Concurrency Bugs — Deadlock, Atomicity, Order — Operating Systems

Summary#

Concurrency bugs split into two families. Non-deadlock bugs — atomicity violations and order violations — account for most real-world incidents according to the Lu et al. 2008 study of MySQL, Apache, Mozilla, and OpenOffice. Deadlock bugs are flashier (everything stops) but rarer (roughly 30% of concurrency bugs in that study). Both come from the same root: shared state plus uncontrolled scheduling. The fixes are mechanical once you can name the bug class.

The four conditions for deadlock — mutual exclusion, hold-and-wait, no preemption, circular wait — give you four levers to break it. Break any one and deadlock is impossible. The interview value is naming the levers and knowing which is cheap and which is expensive in real systems.

Why it matters#

Concurrency bugs are the hardest bugs to reproduce. They depend on scheduling, which depends on load, which depends on what else the machine is doing. “Worked in QA, broke in production” is the canonical story. They survive code review because the source code looks correct — the bug lives in the interleaving, not in any single line. And when they bite, they bite hard: corrupted state propagates silently, deadlocks freeze whole subsystems, and the debugger often perturbs timing enough to hide the bug.

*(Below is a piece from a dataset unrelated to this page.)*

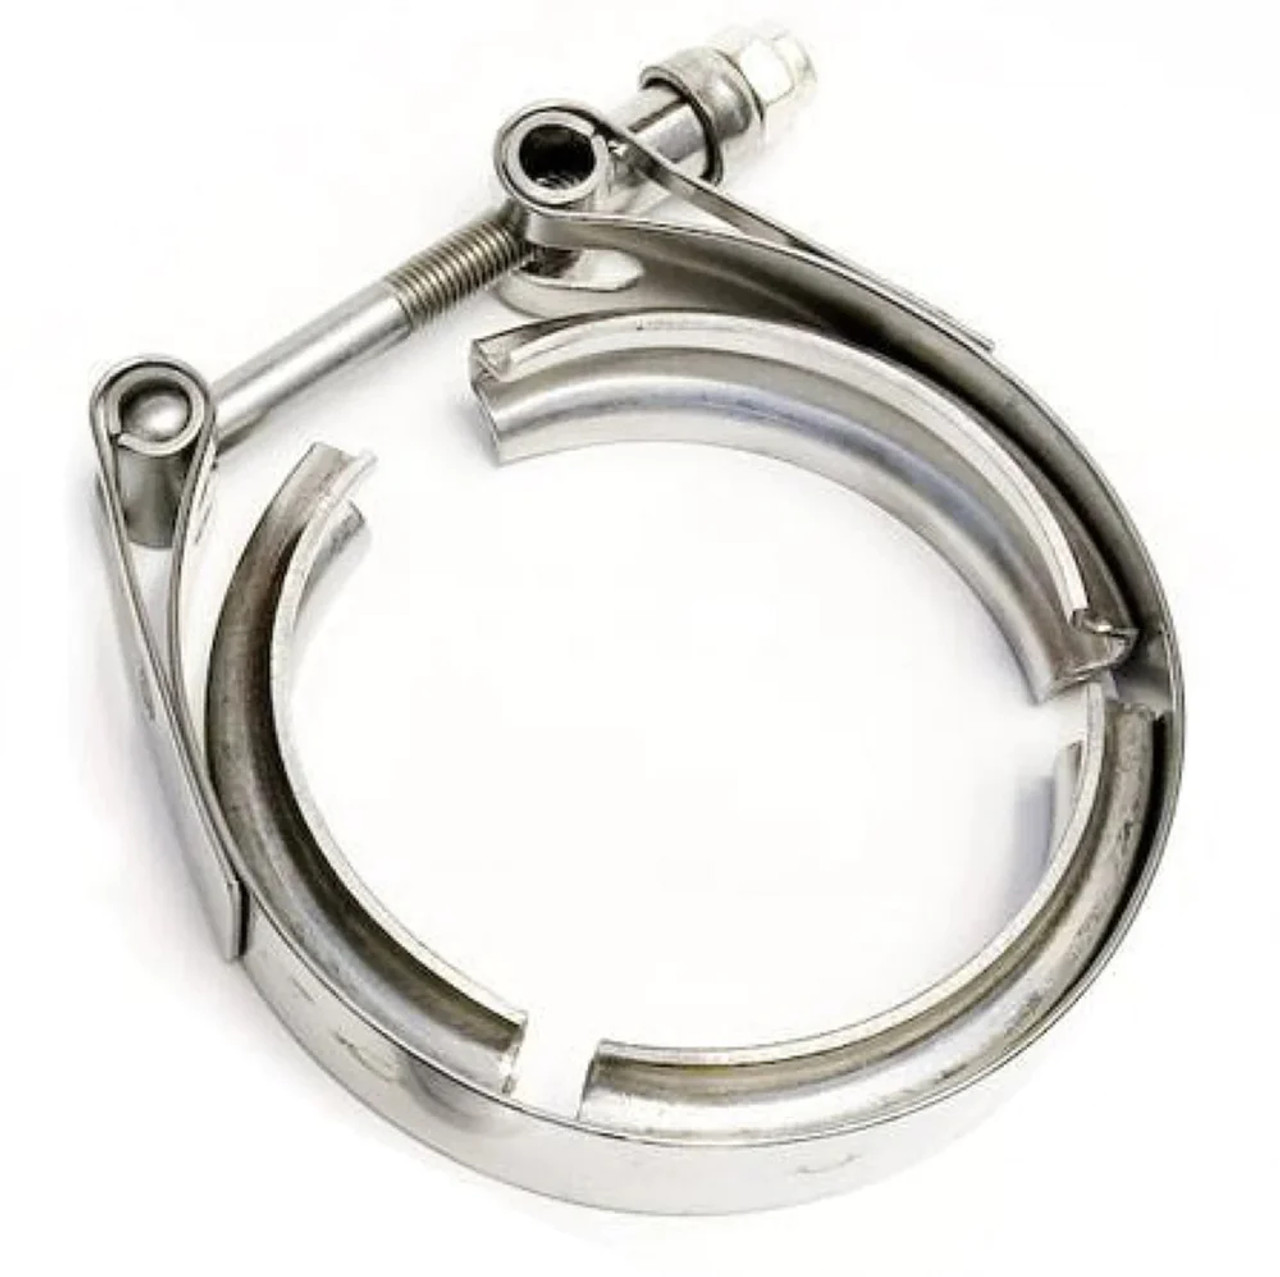 Speed Engineering 2.5" V-Band Clamp (Large 8mm x 1.25 Bolt)

The defensive value of categorising them is that the categories prescribe the fix. An atomicity violation needs a lock. An order violation needs a condition variable or a join. A deadlock needs you to break one of the four conditions. Knowing the family is half the cure.

How it works#

Atomicity violations#

The classic shape: a sequence of operations the programmer assumes runs together, but another thread interleaves. Example from MySQL InnoDB (paraphrased):

// Thread 1                       // Thread 2
if (thd->proc_info) {
    fputs(thd->proc_info, ...);   // thd->proc_info = NULL;
}

Thread 1 checks for null, then dereferences. If Thread 2 nulls the pointer between the two operations, Thread 1 dereferences null and crashes. The fix is to wrap both lines in a mutex — the programmer intended them to be atomic; the code didn’t enforce it.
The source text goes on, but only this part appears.